1. Build summary from highlights.
2. Write story and summary to a single file where the story and summary are separated by a tab.

The data can be obtained from:

https://github.com/JafferWilson/Process-Data-of-CNN-DailyMail

Parameters:

- DATA_DIRECTORIES: The directories containing stories to process.
- OUTPUT_DIR: Where the processed stories will be stored.
- MAX_SUMMARY_SENTENCES: The maximum number of highlights used to make the summary.
- EXTENSION: The file extension to use for the processed stories.

## Parameters

In [1]:
DATA_DIRECTORIES = ['../cnn/stories', '../dailymail/stories']
OUTPUT_DIR = '../data/preprocessed_stories'
MAX_SUMMARY_SENTENCES = 2
EXTENSION = 'clean'

## Get data files

In [2]:
import glob
import os

In [3]:
FILES = []
for directory in DATA_DIRECTORIES:
    stories = glob.glob(os.path.join(directory, '*'))
    FILES.extend(stories)

In [4]:
len(FILES)

312085

In [5]:
FILES[:10]

['../cnn/stories/0001d1afc246a7964130f43ae940af6bc6c57f01.story',
 '../cnn/stories/0002095e55fcbd3a2f366d9bf92a95433dc305ef.story',
 '../cnn/stories/00027e965c8264c35cc1bc55556db388da82b07f.story',
 '../cnn/stories/0002c17436637c4fe1837c935c04de47adb18e9a.story',
 '../cnn/stories/0003ad6ef0c37534f80b55b4235108024b407f0b.story',
 '../cnn/stories/0004306354494f090ee2d7bc5ddbf80b63e80de6.story',
 '../cnn/stories/0005d61497d21ff37a17751829bd7e3b6e4a7c5c.story',
 '../cnn/stories/0006021f772fad0aa78a977ce4a31b3faa6e6fe5.story',
 '../cnn/stories/00083697263e215e5e7eda753070f08aa374dd45.story',
 '../cnn/stories/000940f2bb357ac04a236a232156d8b9b18d1667.story']

## Build story parser

In [6]:
import os
def parse(file, max_summary_sentences=None):
    with open(file) as f:
        file_id = os.path.basename(file).partition('.')[0]
        content = f.read()
        content = content.replace('\t', '<tab>')
        context, *highlights = content.split('@highlight')
        if max_summary_sentences is not None:
            highlights = highlights[:max_summary_sentences]
        summary = ' . '.join(highlights) + ' .'
        return file_id, context.strip(), summary.strip()

In [7]:
import tqdm
summaries = [parse(f, MAX_SUMMARY_SENTENCES) for f in tqdm.tqdm(FILES)]

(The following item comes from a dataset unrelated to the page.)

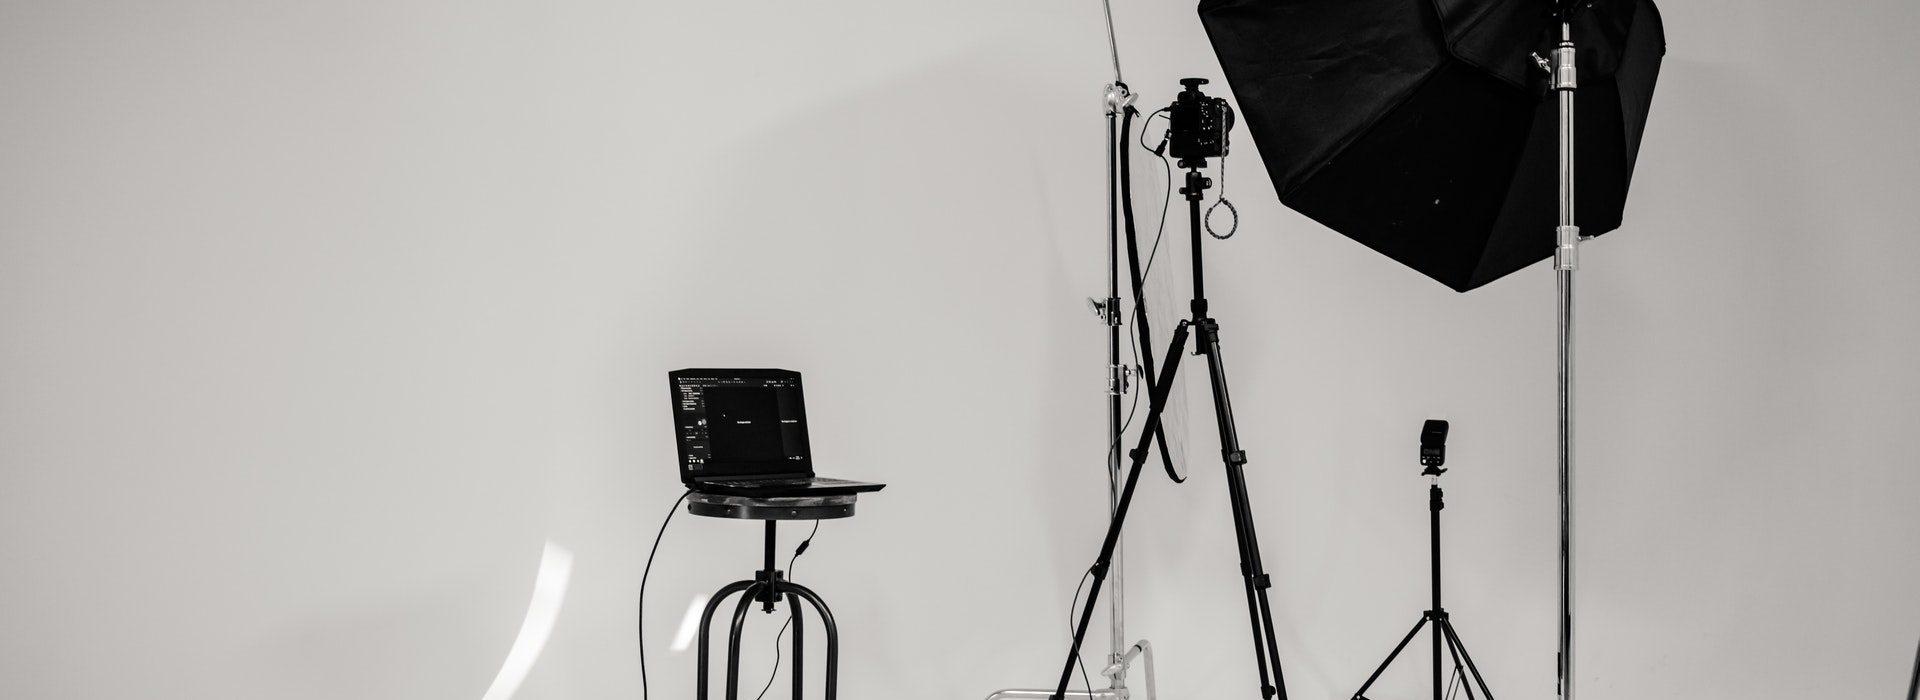 Fotostudio bei Fotoworkshop mit Kamera und Blitzgerät

100%|██████████| 312085/312085 [02:32<00:00, 2050.34it/s]


In [8]:
summaries[0]

('0001d1afc246a7964130f43ae940af6bc6c57f01',
 'It\'s official: U.S. President Barack Obama wants lawmakers to weigh in on whether to use military force in Syria.\n\nObama sent a letter to the heads of the House and Senate on Saturday night, hours after announcing that he believes military action against Syrian targets is the right step to take over the alleged use of chemical weapons.\n\nThe proposed legislation from Obama asks Congress to approve the use of military force "to deter, disrupt, prevent and degrade the potential for future uses of chemical weapons or other weapons of mass destruction."\n\nIt\'s a step that is set to turn an international crisis into a fierce domestic political battle.\n\nThere are key questions looming over the debate: What did U.N. weapons inspectors find in Syria? What happens if Congress votes no? And how will the Syrian government react?\n\nIn a televised address from the White House Rose Garden earlier Saturday, the president said he would take his c

## Calculate some basic statistics on data

Summary stats should match (when there is no limit placed on summary length and new lines are not split out)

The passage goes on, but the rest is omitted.